I want to create residuals vs fitted plots for each of my numeric variables.
An example:
plot(glm(Outcome~Age, family="binomial", data=pima_train))
Which plots:
My current code
mod_summaries <- list() # creating empty list
for(i in 2:ncol(select_if(is.numeric(pima_train)))) { # Head of for-loop
predictors_i <- colnames(pima_train)[2:i] # Create vector of predictor names
mod_summaries[[i - 1]] <- summary( # Store regression model summary in list
lm(y ~ ., data[ , c("y", predictors_i)]))
}
Is it possible to get code that doesn’t need me to create an entire dataset of only numeric variables?
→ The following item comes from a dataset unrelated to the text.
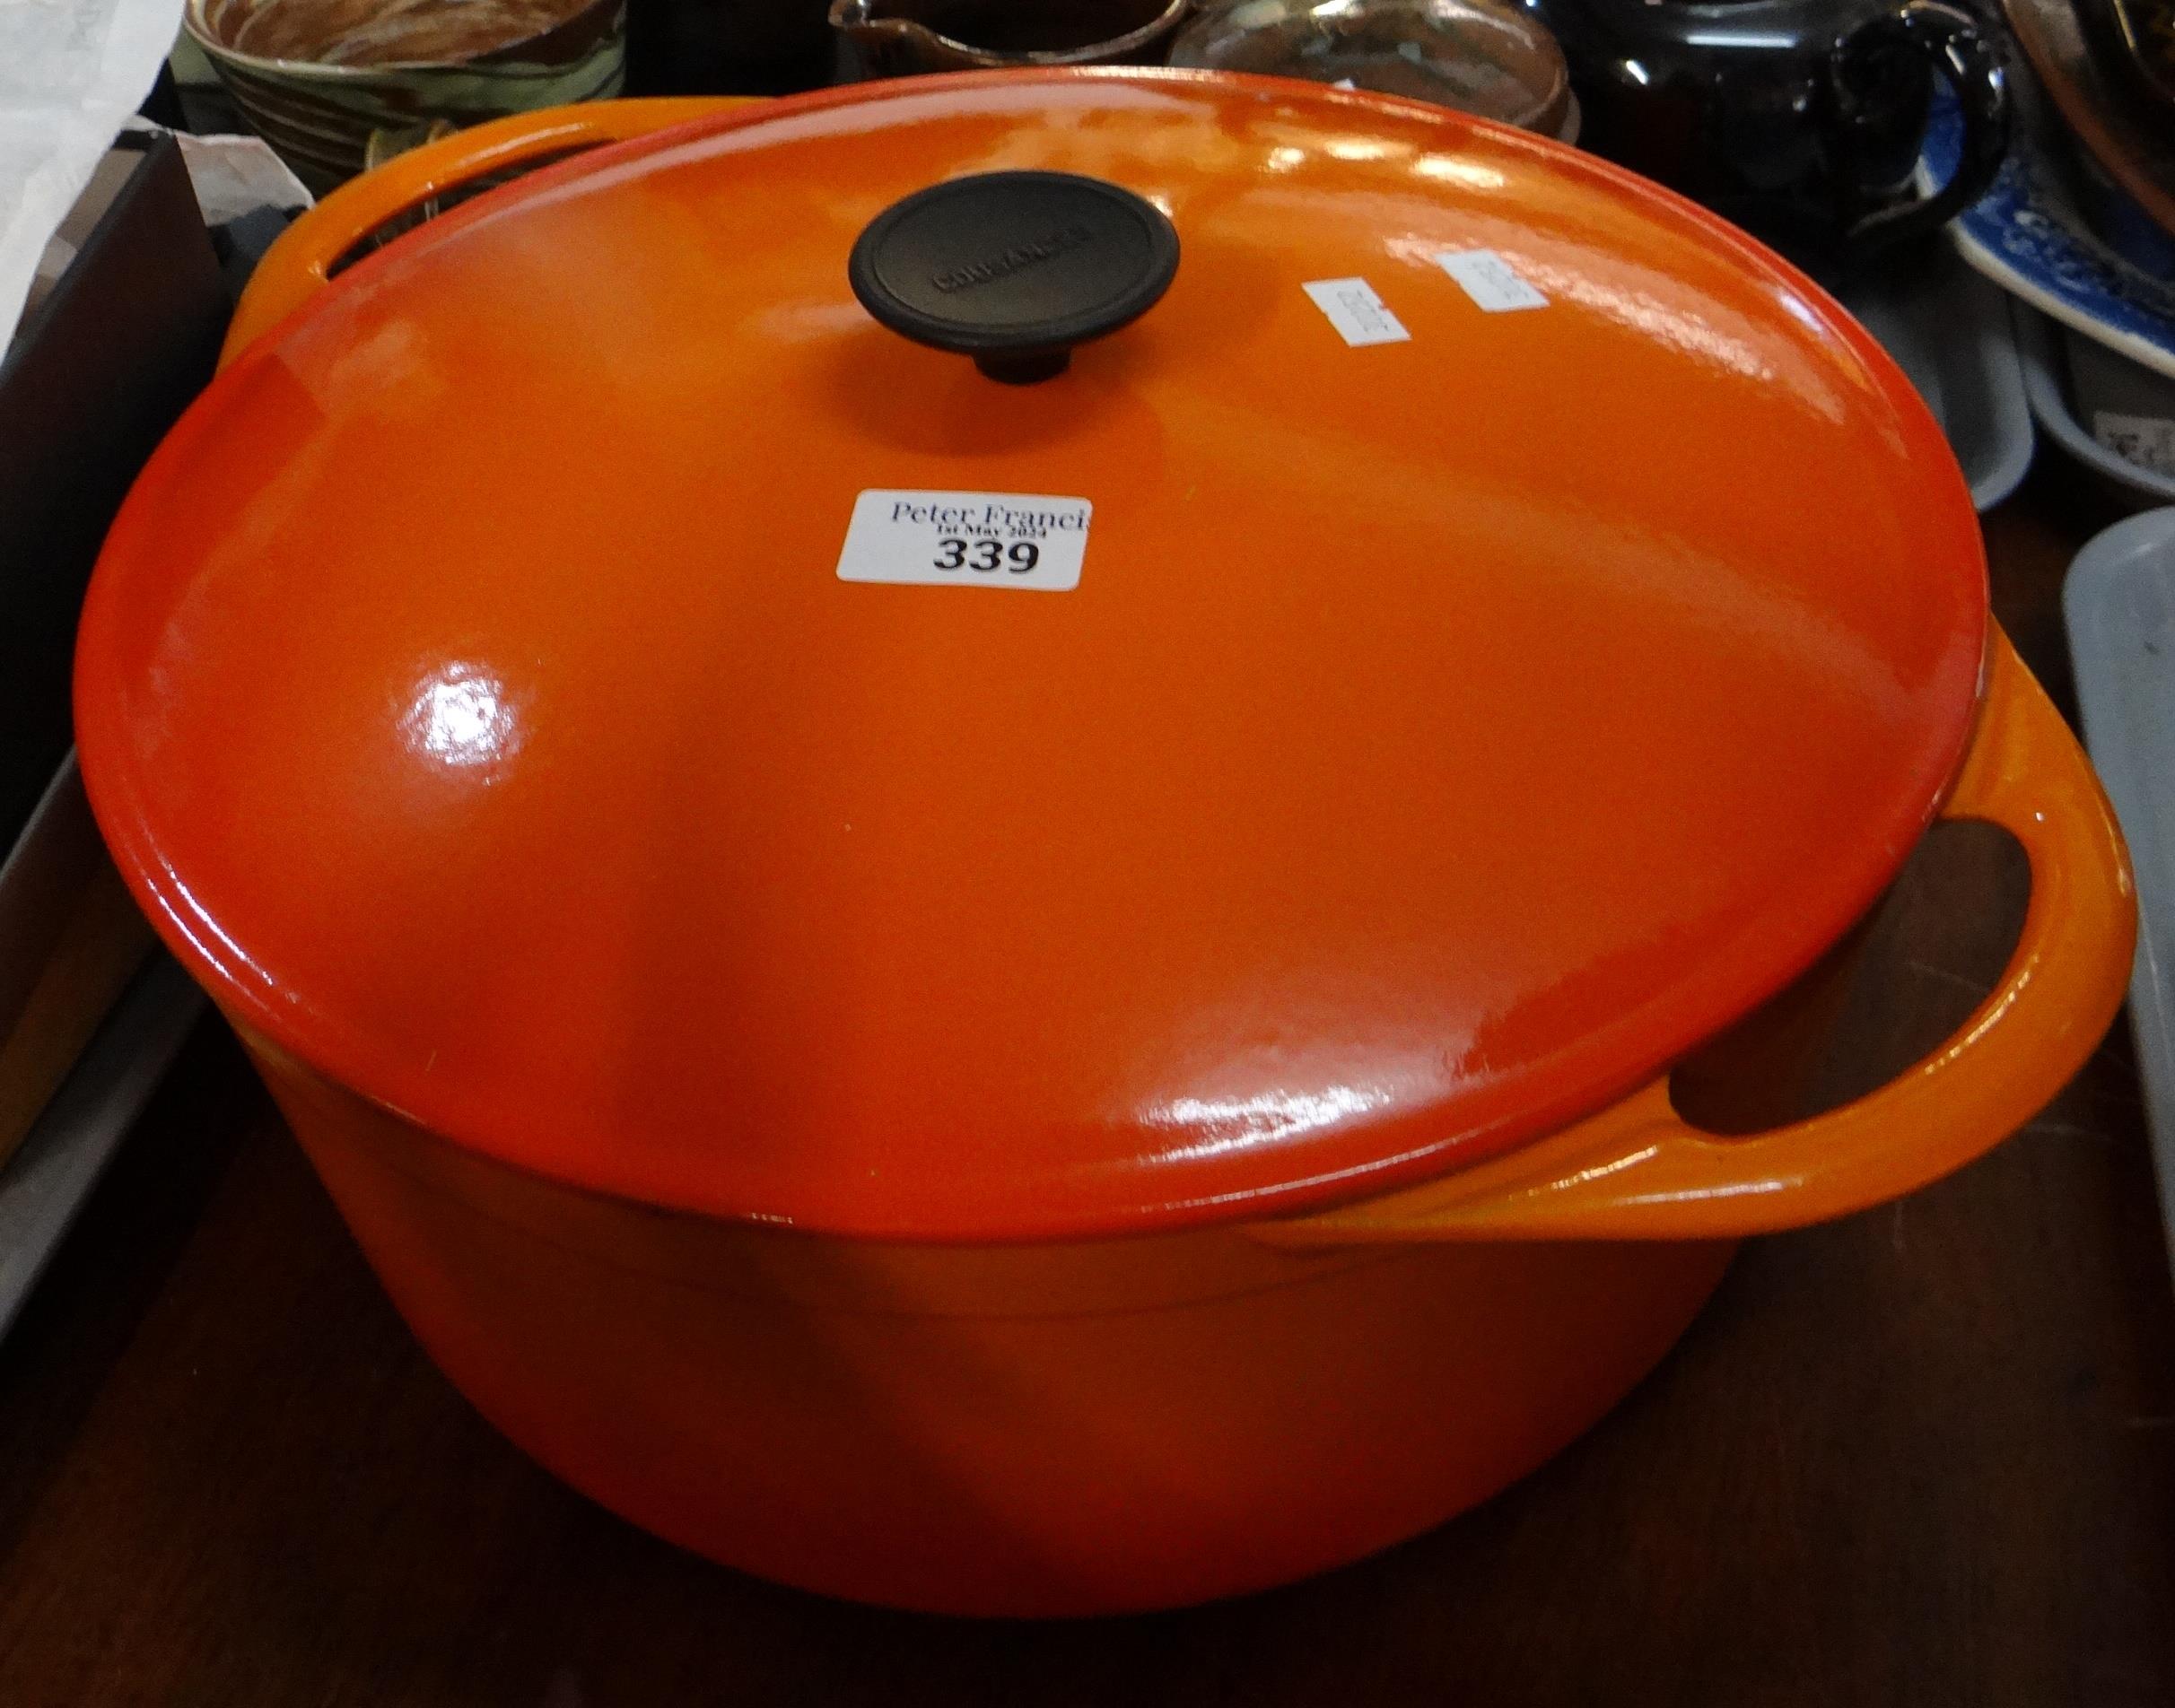 Cast metal orange casserole dish by Cousances. (B.P. 21% + VAT)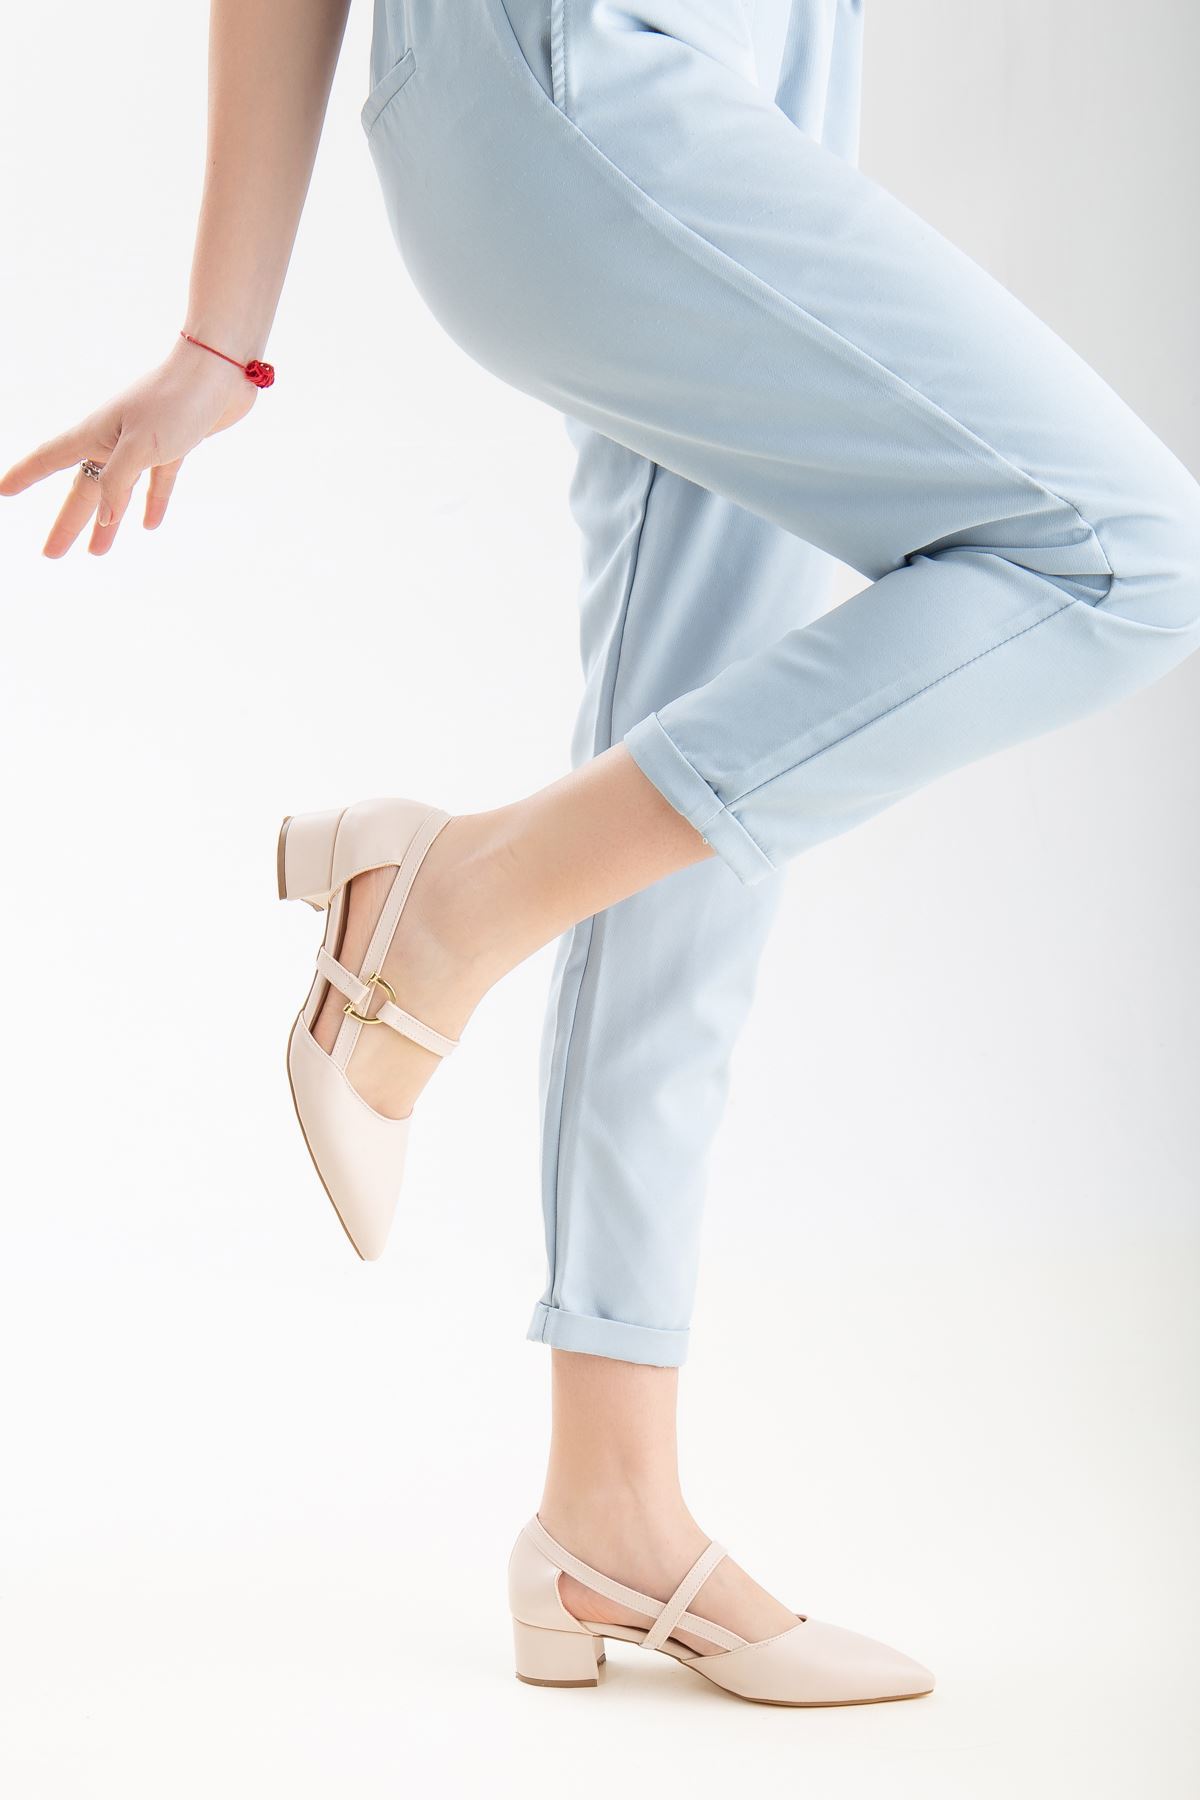 Loni Kadın Toka Detaylı Topuklu Ayakkabı Ten Cilt

Saving RAM space would be good just to see what that would look like.
>Solution :
You could identify all the numeric covariates when initiating the loop and avoid the numeric_train dataset:
Data
set.seed(123)
pima_train <- data.frame(Outcome = as.factor(sample(0:1, 100, replace = TRUE)),
pred1 = runif(100),
pred2 = runif(100),
pred3 = sample(LETTERS, 100, replace = TRUE),
pred4 = runif(100))
Use is.numeric and loop through the columns with lapply to determine the numeric values:
for(i in names(pima_train)[unlist(lapply(pima_train, is.numeric))]){
plot(glm(Outcome ~ get(i), family = "binomial", data = pima_train))
}
## or alternative, use an `if` statement in the loop
for(i in names(pima_train)) {
if (is.numeric(pima_train[, i])) {
plot(glm(Outcome ~ get(i), family = "binomial", data = pima_train))
}
}
You could also use lapply to avoid a for loop altogether:
lapply(df[-1], function(x) if(is.numeric(x)){
plot(glm(Outcome ~ x, family = "binomial", data = pima_train))})